Hayden Randle Hurst (born August 24, 1993) is an American football tight end for the Carolina Panthers of the National Football League (NFL). He played college football at South Carolina and was drafted by the Baltimore Ravens in the first round of the 2018 NFL Draft.

Early years
Hurst attended The Bolles School in Jacksonville, Florida. He played football and baseball for the Bulldogs athletic teams. He graduated in 2012. Hurst was chosen by the Pittsburgh Pirates in the 17th round of the 2012 MLB draft and signed with the Pirates for a $400,000 signing bonus, turning down a baseball scholarship from Florida State. Hurst played two seasons in the Pirates organization before walking onto South Carolina's football team. In his only minor league pitching appearance, Hurst walked five batters and threw two wild pitches in one-third of an inning. Hurst gave up baseball because he was afflicted by "the yips."

College career
In 2015, as a true freshman, Hurst played in all 12 of South Carolina's games, catching eight passes for 106 yards.

In 2016, as a sophomore, Hurst played in all 13 games, catching at least one pass in each. He caught a career high seven passes against Kentucky. In total, Hurst caught 48 passes for 616 yards. He was awarded a scholarship the following spring.

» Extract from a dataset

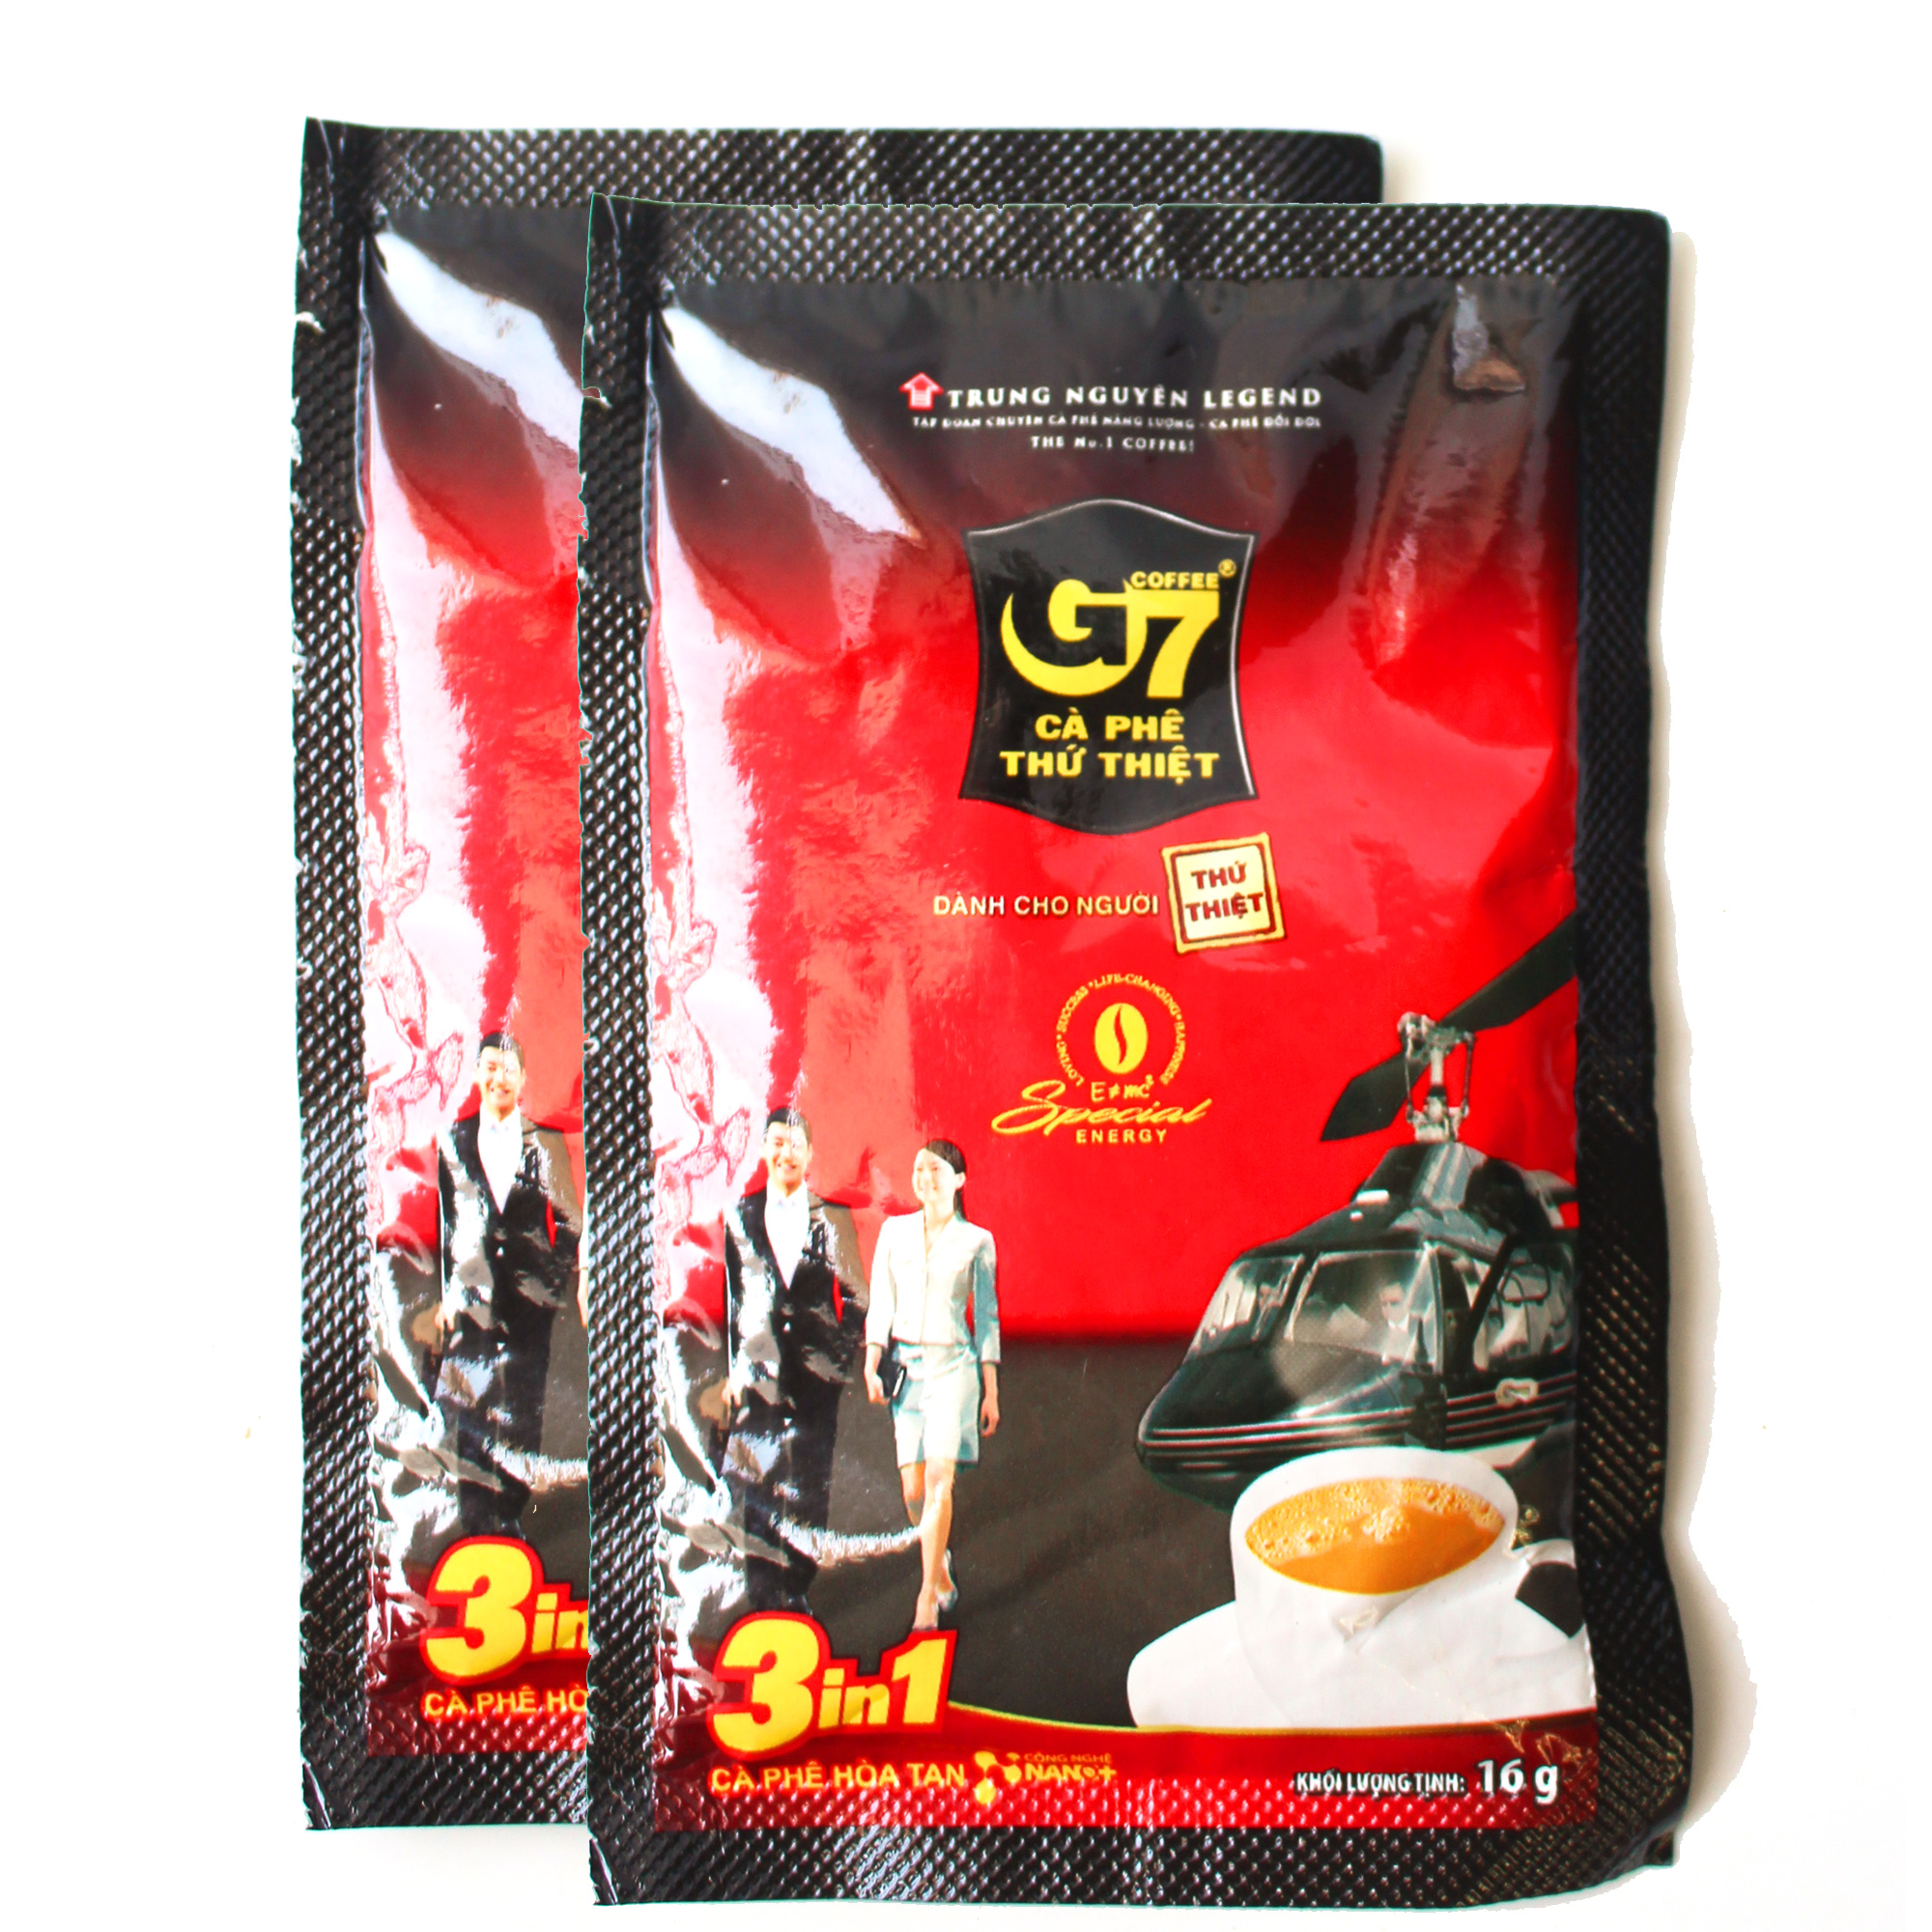 Combo 2 Gói lẻ 16gx2 - Cafe sữa hòa tan G7 3in1 - Trung Nguyên Legend

In 2017, as a junior, Hurst once again played in all 13 games (including the 2018 Outback Bowl), catching 44 passes for 559 yards and two touchdowns. He was unanimously named to the 2017 All-SEC football team. Hurst declared for the 2018 NFL Draft on December 7, 2017, nearly a month before the 2018 Outback Bowl against Michigan. Hurst recorded three receptions for 41 yards in the 2018 Outback Bowl for a 26–19 South Carolina victory over Michigan.

Collegiate statistics

Professional career

Baltimore Ravens

2018

The Baltimore Ravens selected Hurst in the first round (25th overall) of the 2018 NFL Draft. He was the first tight end selected in the draft. On June 19, 2018, Hurst signed a four-year deal worth $11 million featuring a $6.1 million signing bonus. He recorded his first career touchdown reception, a 26-yard pass from fellow rookie Lamar Jackson, on October 28, 2018, late in the fourth quarter of a 21–36 loss to the Carolina Panthers. Overall, Hurst finished the 2018 season with 13 receptions for 163 receiving yards and one receiving touchdown.

2019
On September 15, 2019, in Week 2 against the Arizona Cardinals, Hurst caught a one-yard touchdown pass from Lamar Jackson, the second of his career, as the Ravens won 23–17. In Week 14 against the Buffalo Bills, Hurst caught three passes for 73 yards, including a career-long 61-yard touchdown pass from Jackson that helped the Ravens eventually win 24–17 and clinch a playoff berth. Overall, Hurst finished the 2019 season with 30 receptions for 349 receiving yards and two receiving touchdowns.

In the Divisional Round of the playoffs against the Tennessee Titans, Hurst caught four passes for 53 yards and a touchdown during the 12–28 loss.

Atlanta Falcons

On March 16, 2020, the Ravens agreed to trade Hurst to the Atlanta Falcons along with a fourth-round pick in the 2020 NFL Draft in return for 2020 second and fifth-round picks. The deal became official on March 18. In Week 2 against the Dallas Cowboys, Hurst caught five passes for 72 yards and his first touchdown reception as a member of the Falcons during the 39–40 loss.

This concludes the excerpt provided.